EFCEM also notes that the sector is heavily dominated by SMEs that are flexible in their production approach to suit customer requirements, leading to a high number of variant models. At least two brands produce between 150 and 250 different commercial lines, prompting EFCEM to warn that the cost of testing every model could have a negative bearing on future investment in R&D.
It is conceivable that equipment may have to perform in ambient temperatures of 30-35C°, be sited next to prime cooking equipment or face situations where doors are left open for extended periods of time.
“Recognising these issues, responsible manufacturers see high performance is an essential requirement with a resultant increase in energy consumption to be able to cope with these conditions,” says Warren. “Any regulation must ensure that the performance of the equipment to the standards demanded by the food service industry is not compromised.”
EFCEM says the proposed MEPS are not reflective of the whole range of equipment available and could exclude 75% of products currently placed on the market, which it says is “clearly unacceptable”. It has urged the Commission to use information provided by the Italian Government’s National Institute for Technical, Energy and sustainable Economic Development and the four leading Italian manufacturers.
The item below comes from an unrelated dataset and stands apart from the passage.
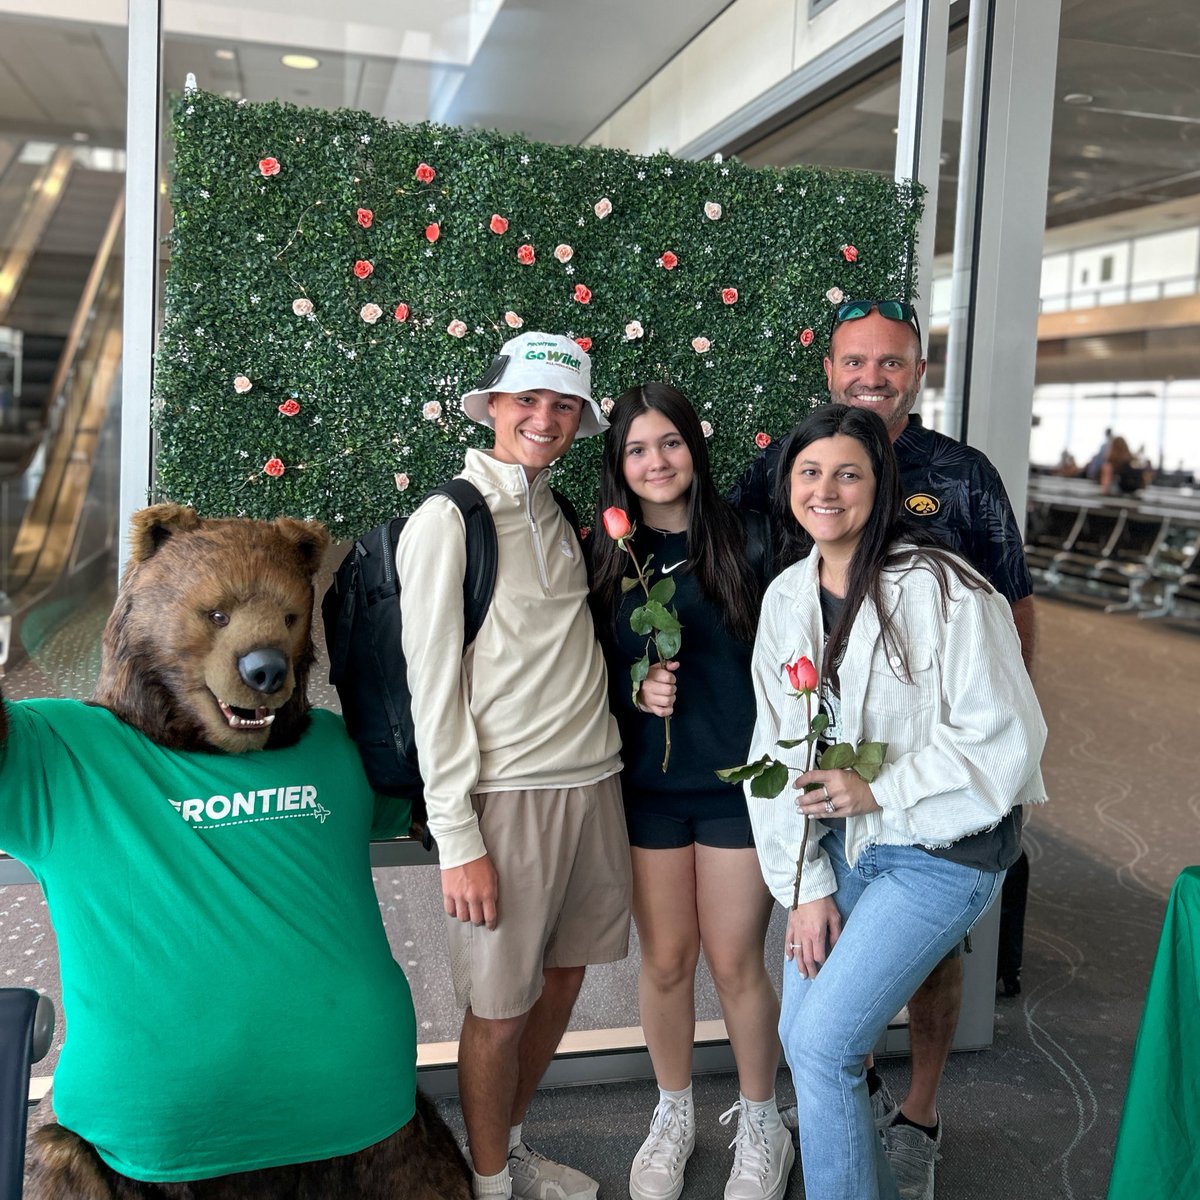 Everyone deserves flowers (especially your mom)! 🌷 Last week, our marketing team spread love at @DENAirport for Mother's Day, giving out flights, flowers, and goodies. Give your mom the gift of travel and flowers this year! Enter our giveaway for a chance to win a trip for…

Not only would future changes in refrigerant usage lead to further variants in equipment groups — impacting the creation of an energy efficiency strategy — but the refrigerant gas market tends to be driven by chemical companies. “As a result the nature of refrigerants available in future is likely to change and may be outside the direct control of the refrigeration companies. However, they would have to undertake the cost of testing new products using the new gases,” says Warren.